Para esta hazaña incluso hay que imaginarse a Rubén en leotardo y discúlpeme si está comiendo por traerle tan atroz imagen a la mente, pero la indumentaria le será muy necesaria para la proeza que está por ejecutar.

Rubén debe dar de saltos, echar marometas, correr, brincar a través del aro de fuego y ejecutar todas las suertes que su domador Andrés Manuel le ordene al chasquido del látigo de las denuncias pendientes en su contra.

La situación es ésta:

Hoy el Presidente está emperrado en sacar adelante su contrarreforma energética (luego discutimos qué tan buena, mala o terrible puede resultar, por ahora enfóquese en la manera en que será aprobada). No obstante, el viejito cotonete no cuenta con la mayoría calificada en el Congreso para lograr su propósito.

Dado que PAN y PRD, viejos e irreconciliables partidos, antes dignos de ser tomados en serio y hoy meras excusas de agrupación política, ya decidieron cerrar filas para desafiar la voluntad presidencial, y siendo Rubén Moreira el coordinador parlamentario del PRI en la Cámara de Diputados... ¿Quién cree usted que le va a conseguir al Presidente toda la votación tricolor que necesita para sacar adelante su energético capricho?
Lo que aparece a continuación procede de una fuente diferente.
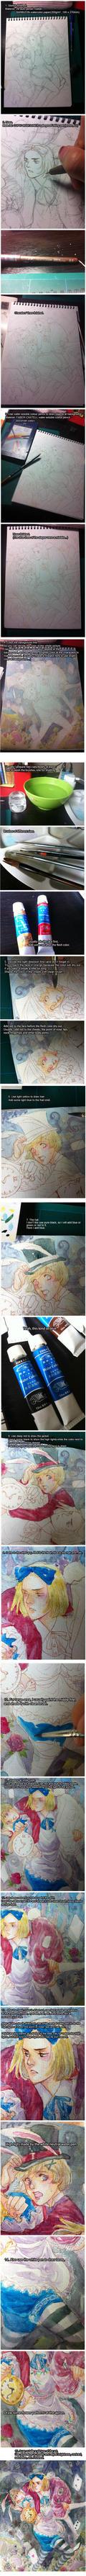 Hand drawn Manga-style watercolor Tutorial by alexzoe

¡Exacto!: un legislador en posición de cabildear y con una carpeta gorda y puerca, reflejo fiel de su trayectoria política, con la cual lo chantajean.
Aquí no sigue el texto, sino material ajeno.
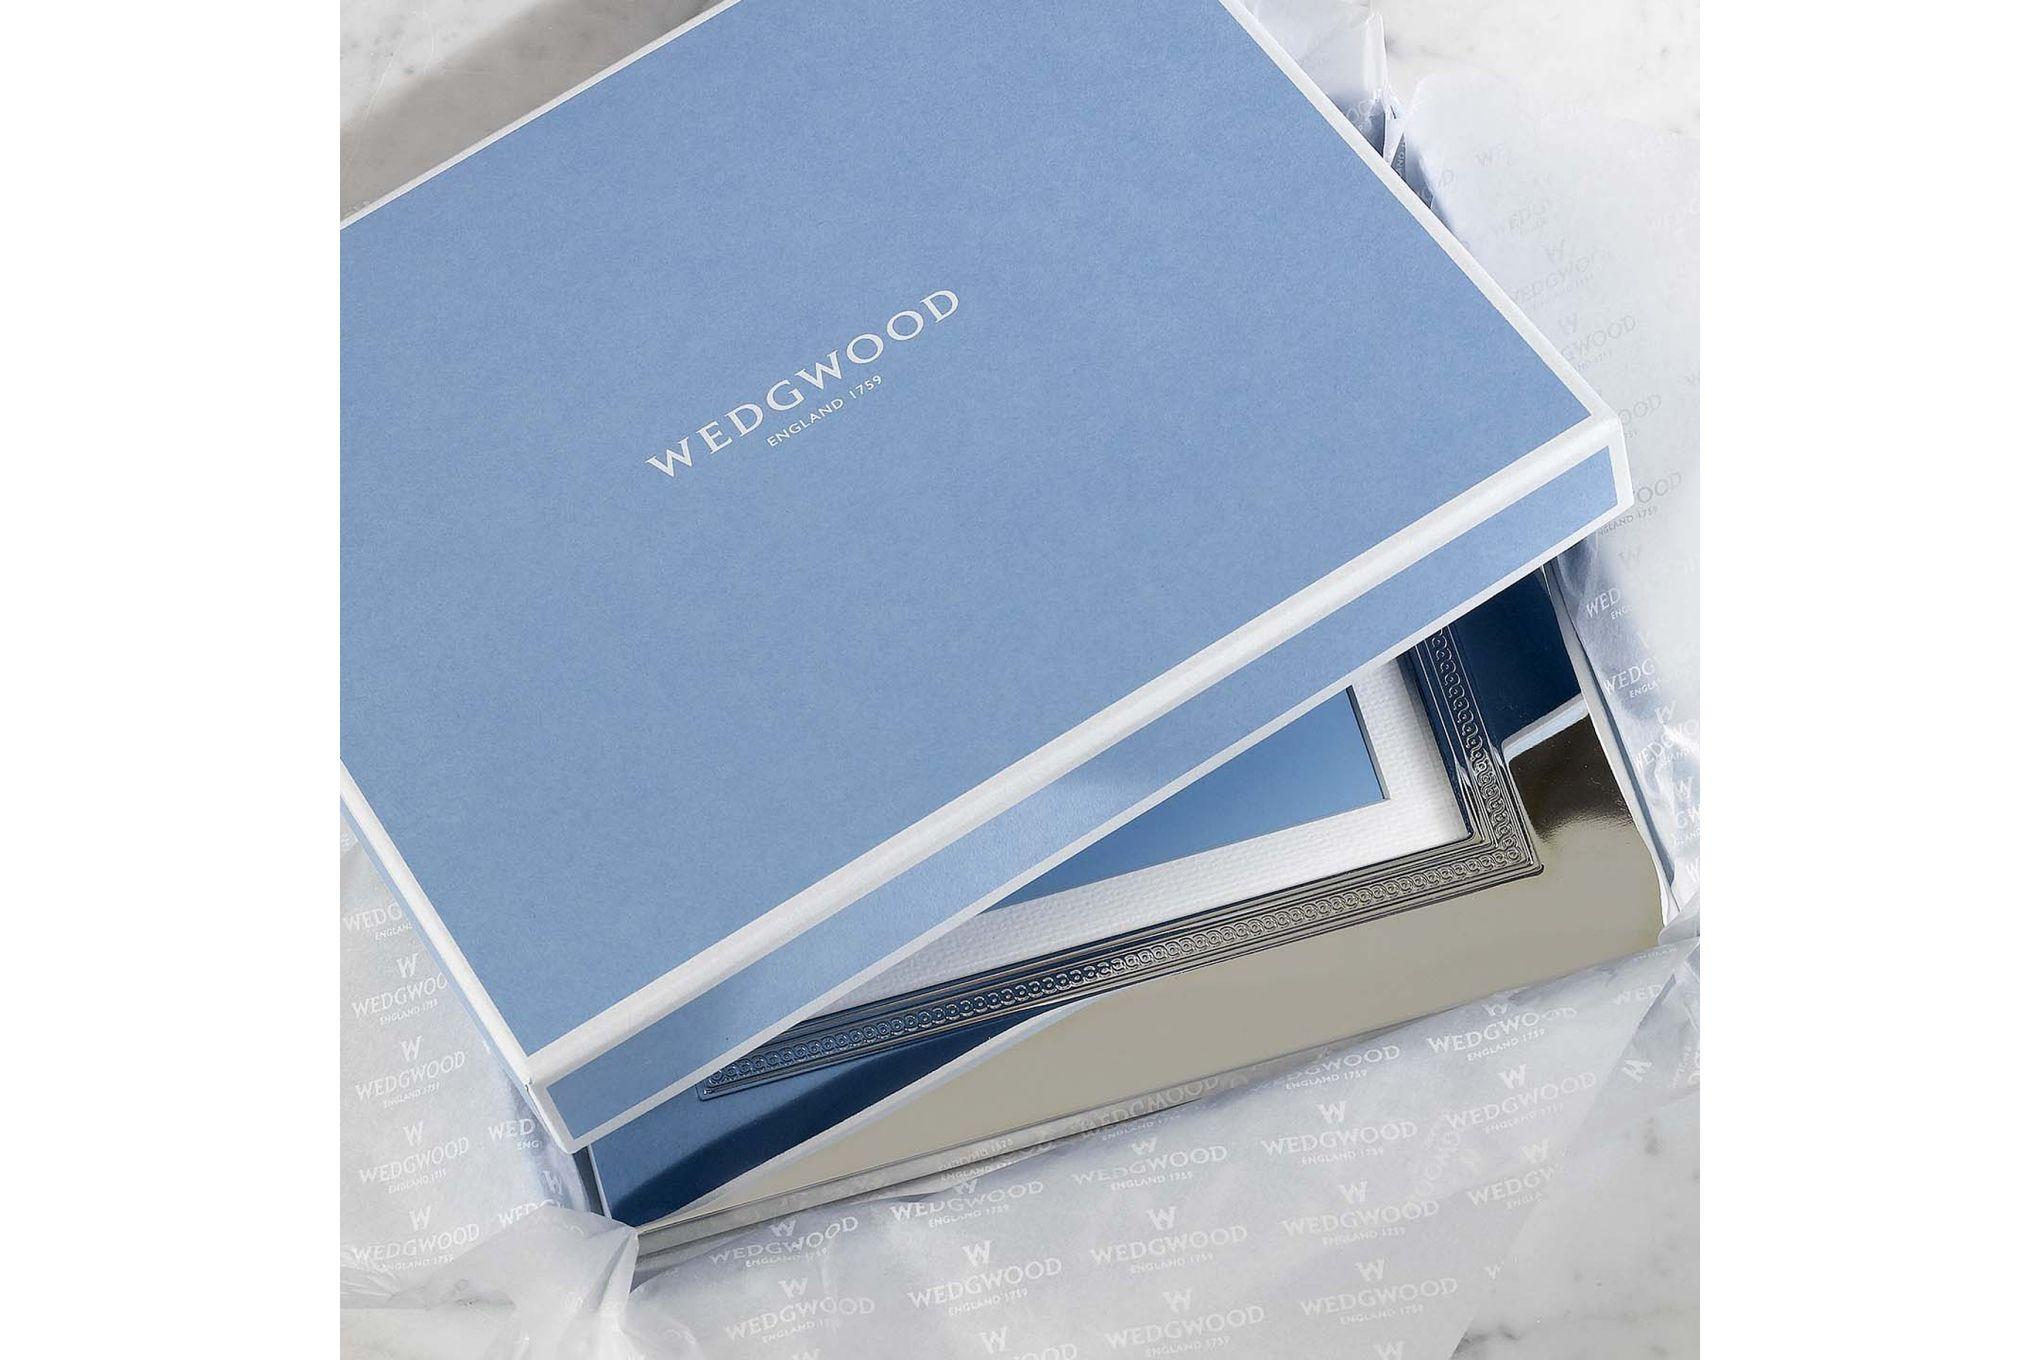 "Wedgwood Simply Wish Photo Frame 5 x 7"" thumb 2"

Olvídese por lo pronto de ver algún día a Rubén Moreira compareciendo ante las autoridades. Este sexenio representaba la única ocasión para esto y en vez de ello, AMLI-Bebé decidió mejor ponerle una correa en el pescuezo y convertirlo en su ‘bitch’.

Así que encarecidamente le recomiendo que disfrute cada instante de este espectáculo, goce cada segundo del show de Rubencito haciendo machincuepas, bailando al son de la pandereta y parándose en una sola patita. Porque verlo arrastrarse a los macuspanos devaneos de AMLO con tal de preservar su libertad, será la única satisfacción que recibiremos los más empinados en todo este brete, los coahuilenses, quienes vivimos en un estado en perpetua bancarrota sin que nadie, ninguno de los responsables, haya jamás sido perseguido por la justicia en México.

Bien por el Chapatín Tlatoani, que al menos supo amaestrar a Rubén Ignacio para beneficio de sus truculentos propósitos. Desafortunadamente lo que alguna vez esperamos de AMLO -y a lo que de hecho le obliga la Ley- era que investigara y castigara con cárcel la malversación, el enriquecimiento ilícito, el tráfico de influencias; no que descaradamente utilizara la presunción de delitos como instrumento de extorsión política.

El PRI-MOR va imparable, no olvidemos que morenos y tricolores comparten el 99.5 de su código genético. Van de la mano decididos a sacar adelante cualquier delirio presidencial, porque para AMLO es la razón de ser y para los priistas como Rubén es la posibilidad de seguir libres, vigentes y con tiempo suficiente para reorganizarse y un día -no sé cómo ni cuándo, pero con toda seguridad- hacer un nuevo y muy espectacular “comeback”. ¡Por todo eso, muchas gracias, Andrés Manuel (gadamadre)!

Vea hoy al ex gobernador -¡en ajustados mallones!- contorsionarse y hacer sus evoluciones con tal de pulirle la reforma a AMLO. Véalo realizar proezas que parecen irrealizables. Hoy es la reforma energética, pero mañana puede ayudar a AMLO a darle el tiro de gracia a la democracia, porque Rubén, quien ya apuñaló a todos los coahuilenses, no tendría empacho en hacer lo mismo ahora con sus correligionarios y con todo México. Así que véalo hacer sus monadas al son que le toca el cilindrero de Palacio Nacional.

No es justicia, entretenimiento tampoco, pero le aseguro que le sorprenderá ver cuán flexible y acondicionado puede ser Rubén a la hora de evitar pisar Almoloya.